| Kalkan v University of Rochester |
| 2007 NY Slip Op 51057(U) [15 Misc 3d 1139(A)] |
| Decided on March 29, 2007 |
| Sup Ct, Monroe County |
| Rosenbaum, J. |
| Published by New York State Law Reporting Bureau pursuant to Judiciary Law § 431. |
| This opinion is uncorrected and will not be published in the printed Official Reports. |
Meliha Kalkan and Zeynal Kalkan, Plaintiffs
against University of Rochester, Defendant |
Plaintiff and Defendant tried a medical malpractice case before this court. After the jury had deliberated for a period of time, the Jury came back with a question to the Court concerning how much of an award was appropriate in cases similar to the one at bar. After the Court instructed the jury, they continued their deliberations. As the jury continued to deliberate, but before it rendered a verdict, plaintiff and defendant entered into a high low agreement. The agreement, which was placed on the record, was as follows:
MR. WARD: Your Honor, in the period of time since
we last spoke with you, Mr. Murphy and I have come
to an agreement in terms of a high/low agreement for
this case. And the Agreement is a two hundred / six
hundred agreement; in other words, if the verdict is
less than two hundred, then the University of Rochester
will pay two hundred, and if the verdict is more than
six hundred, the University of Rochester will pay six
hundred, and if it falls between, we will pay whatever [*2]
the verdict is.
THE COURT: Is that your understanding, Mr. Murphy?
MR. MURPHY: Yes.
Shortly thereafter, the jury came back with a verdict of $475,000 for the plaintiff. Defendant thereafter moved to set aside the verdict. Plaintiff now moves to preclude Defendant from bringing his motion, asserting that a high/low stipulation placed on the record settles the matter and precludes Defendant from bringing a motion to set aside the verdict.
THE LAW:
New York "has long favored and encouraged the fashioning of stipulations as a means of expediting and simplifying the resolution of disputes". Mitchell v. New York Hospital, 61 NY2d 208, 215 (1984). Further, CPLR 2104 clearly states, "An agreement between...attorneys relating to any matter in an action, other than one made between counsel in open court, is not binding upon a party unless it is in a writing subscribed by him or his attorney or reduced to the form of an order and entered." (Emphasis added). An agreement between parties or their attorneys in open court, on the record, is binding.
Here, clearly Defendant sought a high/low agreement only after its attorney had heard the jury's question relative to the amount they could award in an action such as the one they had just heard over the period of nearly two weeks. Defendant argues in its affirmation, however, that a stipulation's terms must be definite and concrete. Defendant further argues that a court will not read terms into the stipulation that do not exist, although Defendant offers no citation to this proposition. This Court agrees that stipulations of settlement "must be construed in accordance with contract interpretation principles." Ochal v. Television Technology Corp., 26 AD3d 575, 576 (3rd Dept. 2006). The Court asserts that the stipulation followed proper contract interpretation principles as it was placed on the record in open court, specified the terms of the agreement and there was a meeting of the minds of both parties.
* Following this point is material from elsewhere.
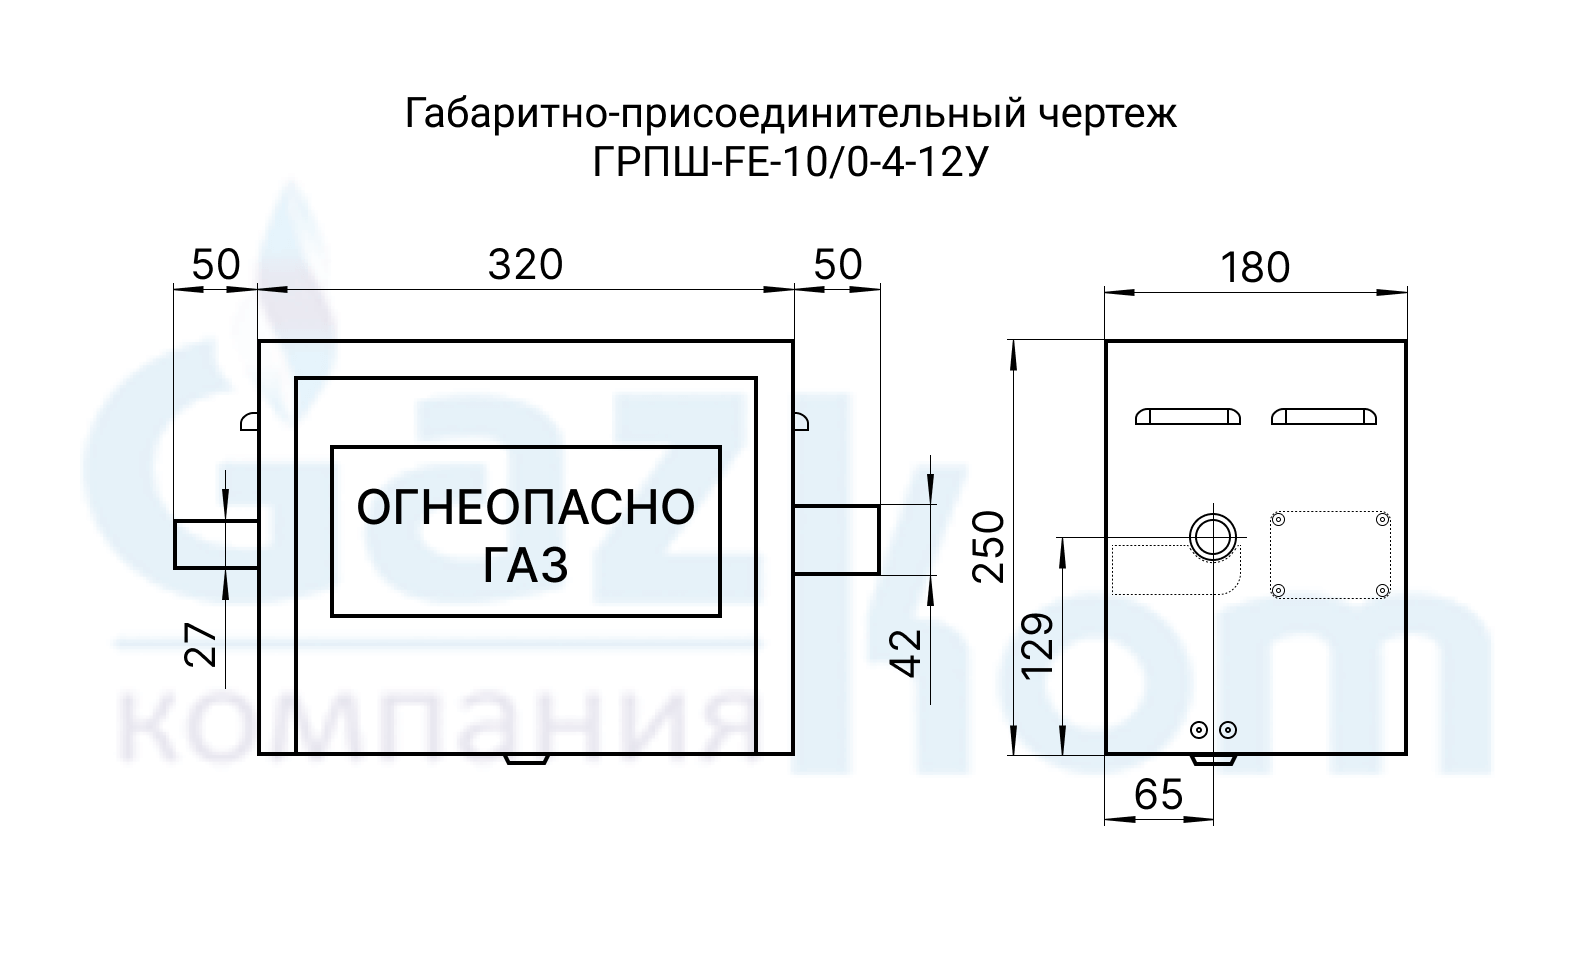 Схема ГРПШ-FE-10/0-4-12У

It is further patently obvious that Defendant offered a high/low agreement only after it heard the jury inquiring about the size of an award that the jury might [*3]deliver. That is no more an inference than in Defendant's stipulation on the record where it offered a high/low of a "two hundred/six hundred agreement." The Court, Plaintiffs and Defendant clearly understood that Defendant was speaking of a two hundred thousand dollar/six hundred thousand dollar agreement, not a two hundred dollar/six hundred dollar agreement (emphasis added). No further specificity needed to be made, nor did Defendant raise this as a possible issue. The stipulation therefore satisfied contract principles. Ochal, Supra.
It is held that a court is "bound to enforce a stipulation even if, with hindsight, it causes an unfavorable result upon either of the parties." Nishman v. DeMarco, 76 AD2d 360 (2nd Dept. 1981). Therefore, even in cases where a jury may render an unfavorable verdict, the court must look to the stipulation. To render a decision otherwise, would compromise the effect or interest parties might otherwise have in entering into high/low agreements. An "open court" stipulation affirms that strict enforcement be required, as it "serves the interest of efficient dispute resolution (and also) is essential to the management of court clanders and integrity of the litigation process." Hallock v. NY, 64 NY2d 224, 230 (1984). Further, only where there is cause sufficient to invalidate a contract, such as fraud, collusion, mistake or accident, will a party be relieved from the consequences of a stipulation made during litigation. Matter of Frutinger, 29 NY2d 143, 149-150 (1971). That simply is not the case here.
The stipulated settlement of damages also means that the Court does not reach the question of setting aside the jury verdict. McDonnell v. Tello, 8 Misc 3d 1003A (Westchester Co. 2005).
Plaintiff's motion is granted and Defendant's motion is denied.